Let’s make this concrete. Suppose we’re minimizing a cost function and a candidate move worsens the cost by $\Delta E$. At temperature $T = 5$:

A small worsening $\Delta E = 1$: accepted with probability $e^{-1/5} \approx 0.82$.
A moderate worsening $\Delta E = 5$: accepted with probability $e^{-5/5} \approx 0.37$.
A large worsening $\Delta E = 20$: accepted with probability $e^{-20/5} \approx 0.018$.

Large deteriorations are accepted much less often than small ones, even at the same temperature. The algorithm takes careful steps away from good regions rather than random leaps - it preferentially accepts small uphill moves and rarely accepts large ones.

As temperature drops, even small uphill moves become less likely:

At $T = 1$: $\Delta E = 1$ is accepted with probability $e^{-1} \approx 0.37$.
At $T = 0.1$: $\Delta E = 1$ is accepted with probability $e^{-10} \approx 0.00005$.

The algorithm gradually freezes into a near-optimal solution.

Temperature Schedules

The annealing schedule $T(t)$ controls how quickly we cool.

Geometric cooling (practical). The standard:

$$T_{k+1} = \alpha \cdot T_k, \quad \alpha \in [0.90, 0.99].$$

Start at $T_0$ chosen so that roughly 80% of moves are accepted (meaning the initial temperature is calibrated to the typical energy differences in the problem). Cool by a factor $\alpha$ every $L$ iterations (where $L$ is also a parameter). Stop when $T$ is near zero or no improvement occurs for many consecutive steps.

Geometric cooling is fast and effective in practice, but provides no guarantee. The rate matters: $\alpha = 0.99$ (slow cooling) gives much better solutions than $\alpha = 0.90$ (fast cooling), at the cost of more computation.

Logarithmic cooling (theoretical). If $T(t) = c / \log(t + 1)$ for a sufficiently large constant $c$ (related to the largest energy barrier between any local optimum and the global optimum), then SA converges to the global optimum in probability. The constant $c$ is the depth of the deepest local trap in the landscape.

The catch: “converges in probability” is misleading. The required number of steps is astronomical - essentially exponential. This schedule is theoretically optimal but practically useless.

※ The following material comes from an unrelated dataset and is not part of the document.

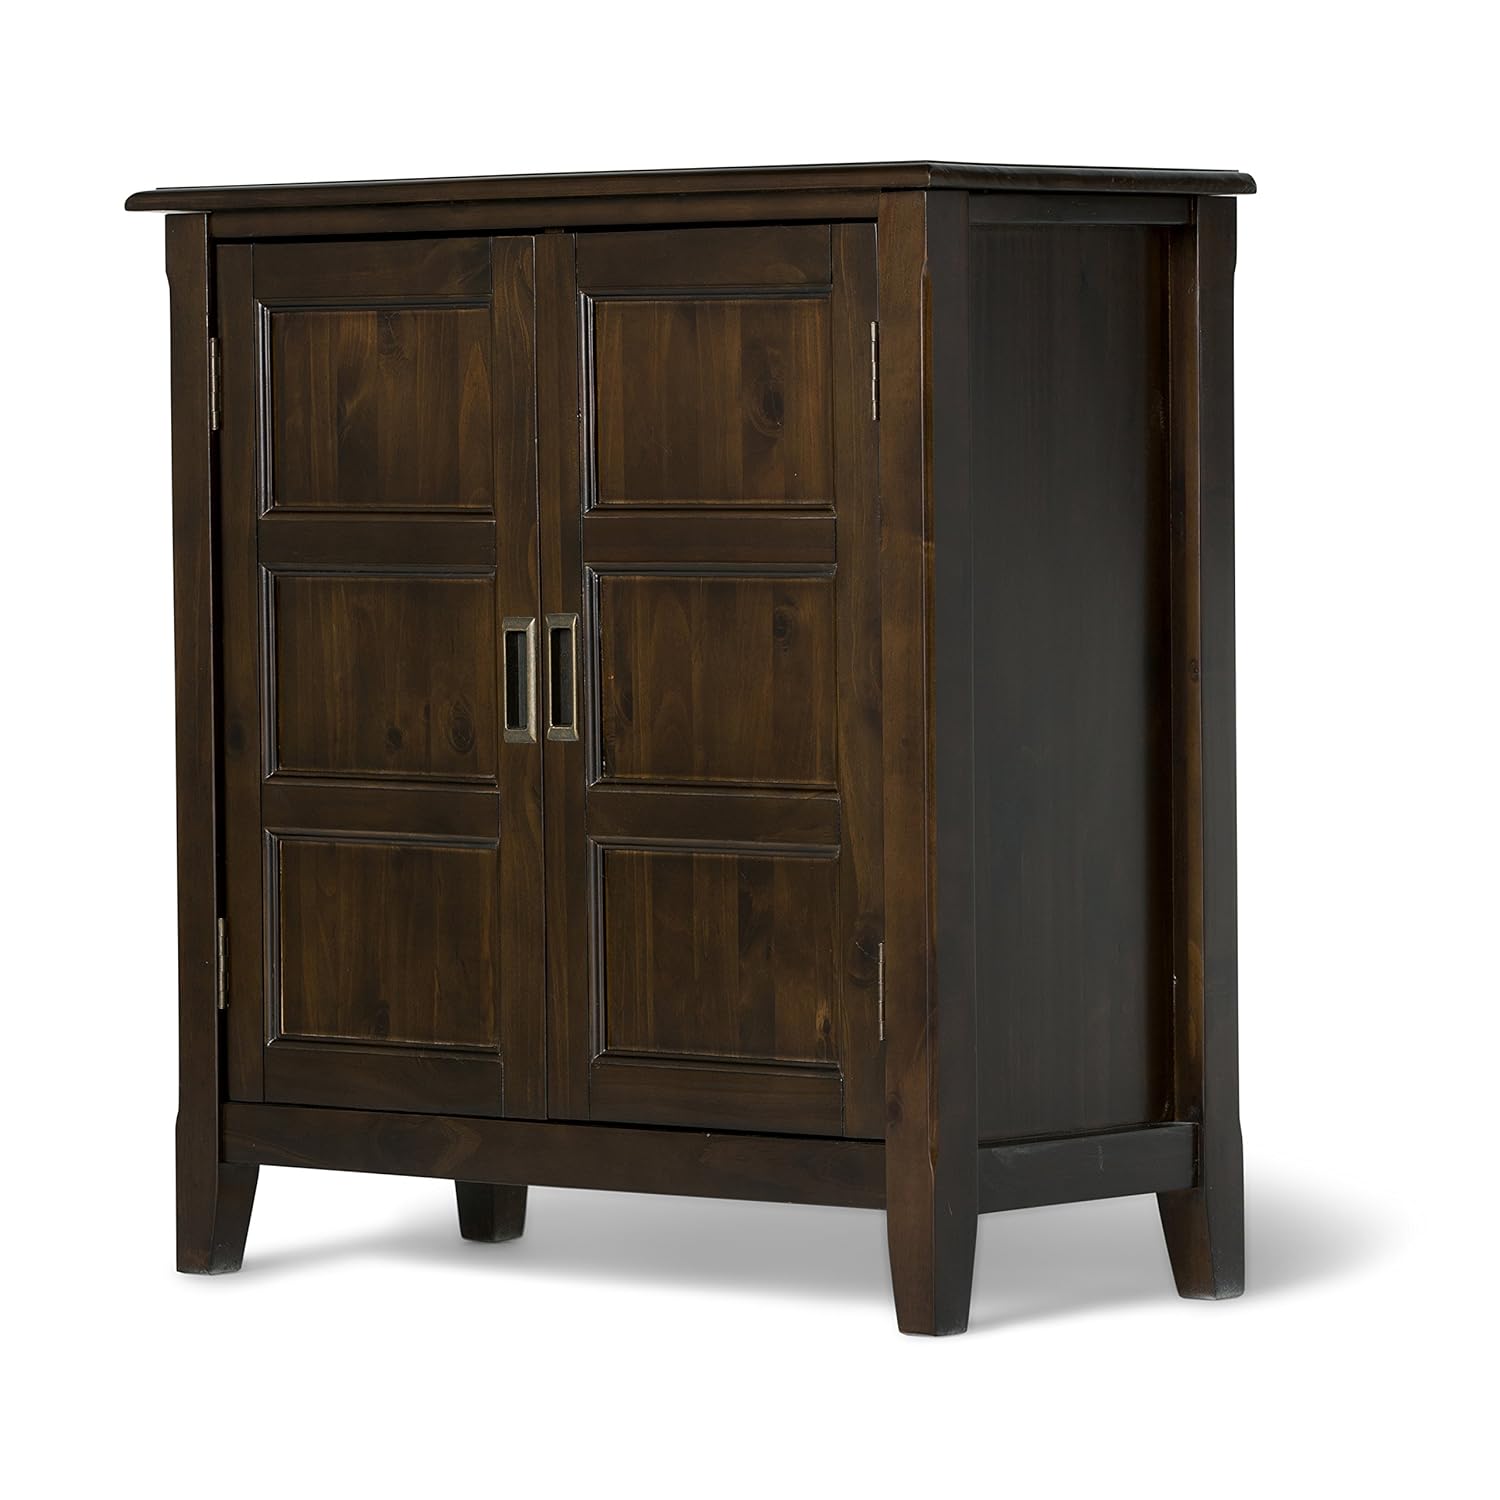 TKM Home Burlington Solid Wood 30 Inch Wide Traditional Low Storage Cabinet In Mahogany Brown, With 2 Doors, 2 Adjustable She…

Reheating. Some implementations periodically raise $T$ after the algorithm has cooled and converged to a local optimum. The idea: reheat enough to escape, then cool again. This is sometimes called iterated SA and can improve results when the problem has many local optima of similar depth.

The Connection to MCMC

At a fixed temperature $T$, the Metropolis acceptance criterion defines a Markov chain over the solution space. The chain’s stationary distribution is the Boltzmann distribution:

$$\pi_T(s) \propto e^{-f(s)/T}.$$

At high $T$, this is nearly uniform - all solutions are roughly equally likely. As $T \to 0$, the distribution concentrates on the global minimum: solutions with lower energy have exponentially higher probability.

Simulated annealing is running a sequence of Markov chains at decreasing temperatures, hoping that at each temperature the chain mixes well enough (reaches near-stationarity) before we cool further. If we cool too fast, the chain doesn’t mix - we don’t sample from $\pi_T$ accurately - and we can get stuck. The logarithmic cooling schedule is slow precisely because it gives enough time at each temperature for the chain to mix.

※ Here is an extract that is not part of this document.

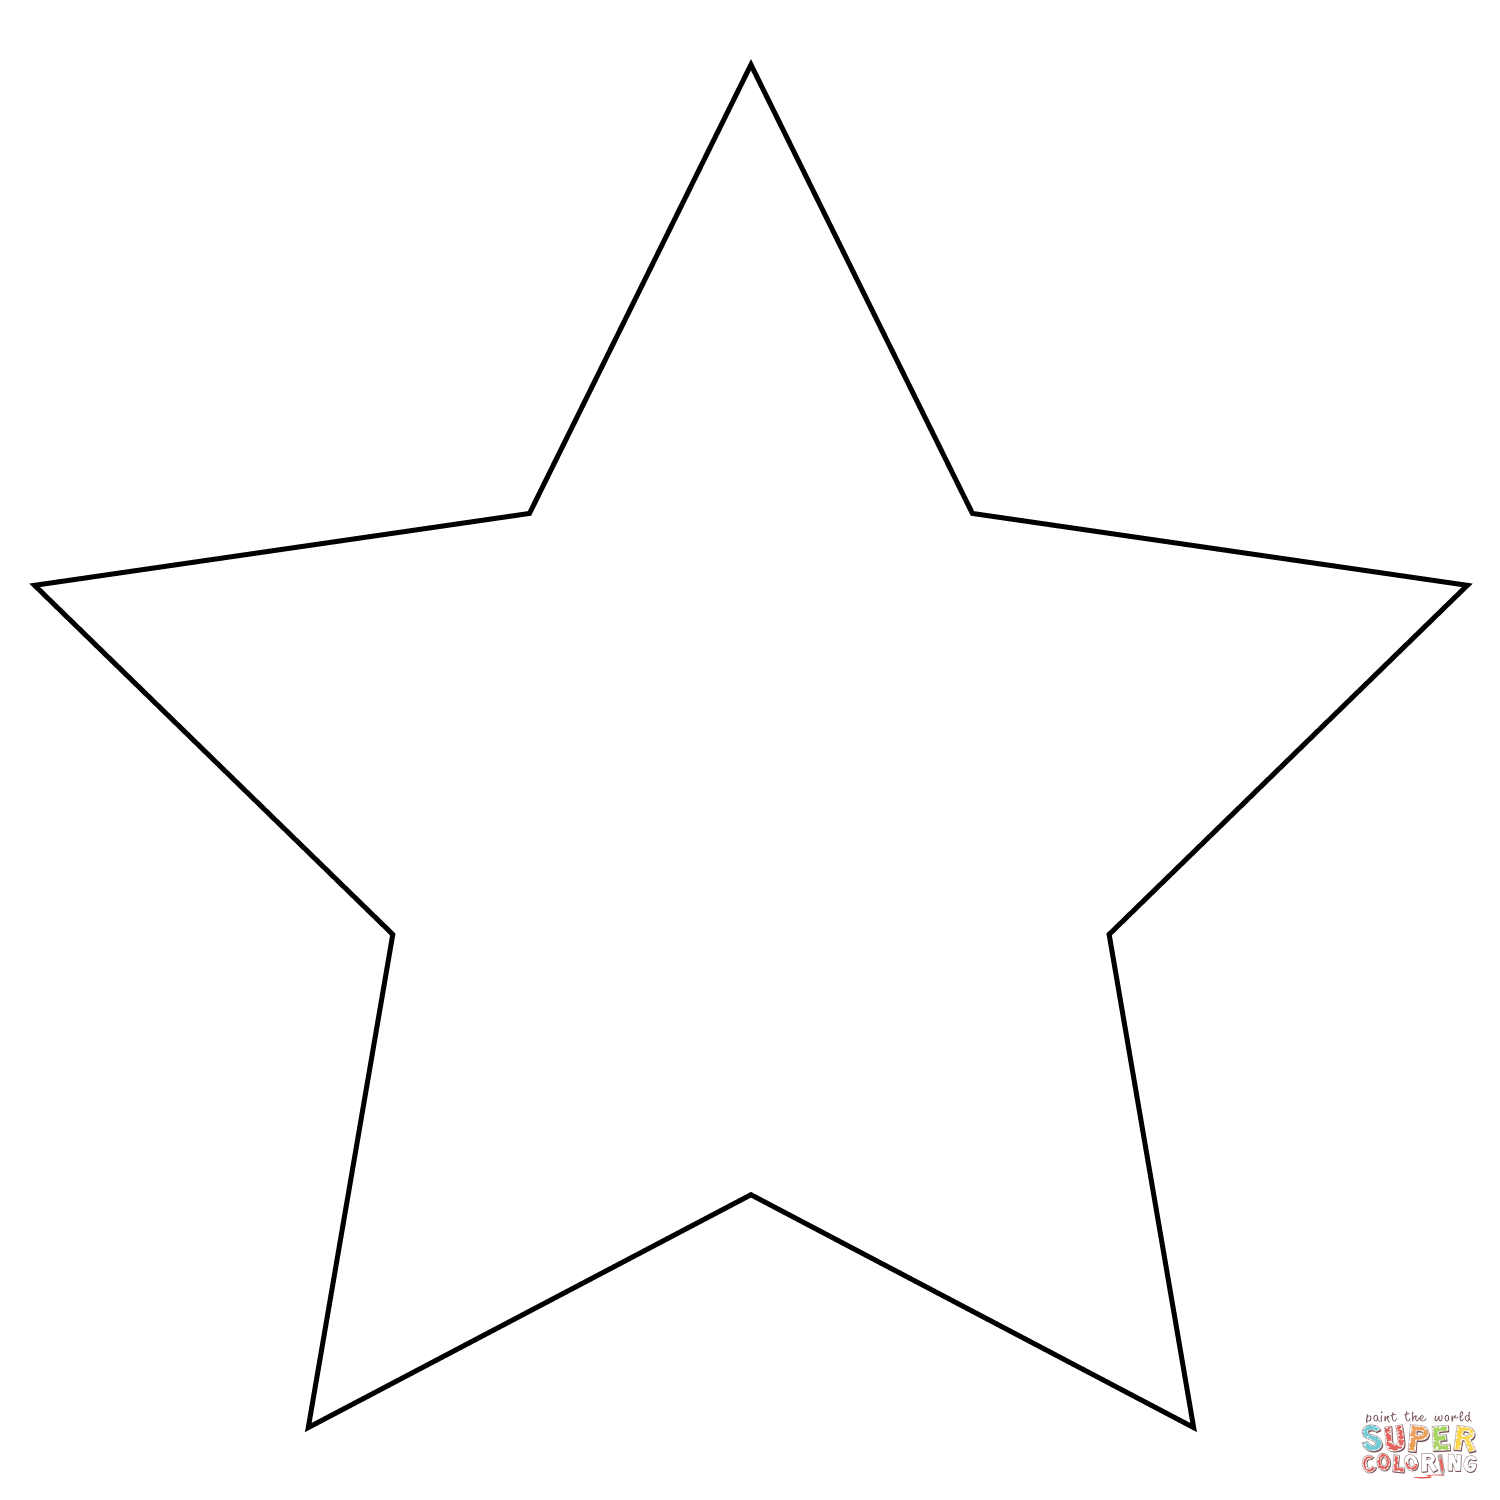 Free Star Coloring Pages For Preschoolers, Download Free Star Coloring

This connection to MCMC means everything we know about Markov chain mixing - spectral gaps, conductance, the relationship between mixing time and energy barriers - applies to understanding when SA works well and when it doesn’t.

Simulated Annealing for TSP

The same 2-opt neighborhood as pure local search, but now we accept worse tours with probability $e^{-\Delta L / T}$, where $\Delta L > 0$ is the increase in tour length.

What this buys you: when 2-opt gets stuck at a local optimum, SA can accept a slightly longer tour to escape. From that new (slightly worse) position, a different sequence of improving 2-opt moves may lead to a much better local optimum.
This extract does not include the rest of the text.